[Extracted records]
---------------
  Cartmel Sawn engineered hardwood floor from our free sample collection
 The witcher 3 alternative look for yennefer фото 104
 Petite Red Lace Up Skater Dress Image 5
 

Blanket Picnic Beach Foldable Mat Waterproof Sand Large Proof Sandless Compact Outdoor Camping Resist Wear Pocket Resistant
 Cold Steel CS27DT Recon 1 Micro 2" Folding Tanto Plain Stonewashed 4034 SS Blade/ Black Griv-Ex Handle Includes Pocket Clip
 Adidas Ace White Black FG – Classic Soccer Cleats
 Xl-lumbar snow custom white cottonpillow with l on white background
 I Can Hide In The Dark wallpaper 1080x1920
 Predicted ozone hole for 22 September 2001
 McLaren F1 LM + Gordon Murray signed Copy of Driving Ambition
---------------
Exercise requirements: Could you set down exactly the lines from the one containing "The witcher 3" through the last line of the records above, both included?

Task response:
 The witcher 3 alternative look for yennefer фото 104
 Petite Red Lace Up Skater Dress Image 5
 

Blanket Picnic Beach Foldable Mat Waterproof Sand Large Proof Sandless Compact Outdoor Camping Resist Wear Pocket Resistant
 Cold Steel CS27DT Recon 1 Micro 2" Folding Tanto Plain Stonewashed 4034 SS Blade/ Black Griv-Ex Handle Includes Pocket Clip
 Adidas Ace White Black FG – Classic Soccer Cleats
 Xl-lumbar snow custom white cottonpillow with l on white background
 I Can Hide In The Dark wallpaper 1080x1920
 Predicted ozone hole for 22 September 2001
 McLaren F1 LM + Gordon Murray signed Copy of Driving Ambition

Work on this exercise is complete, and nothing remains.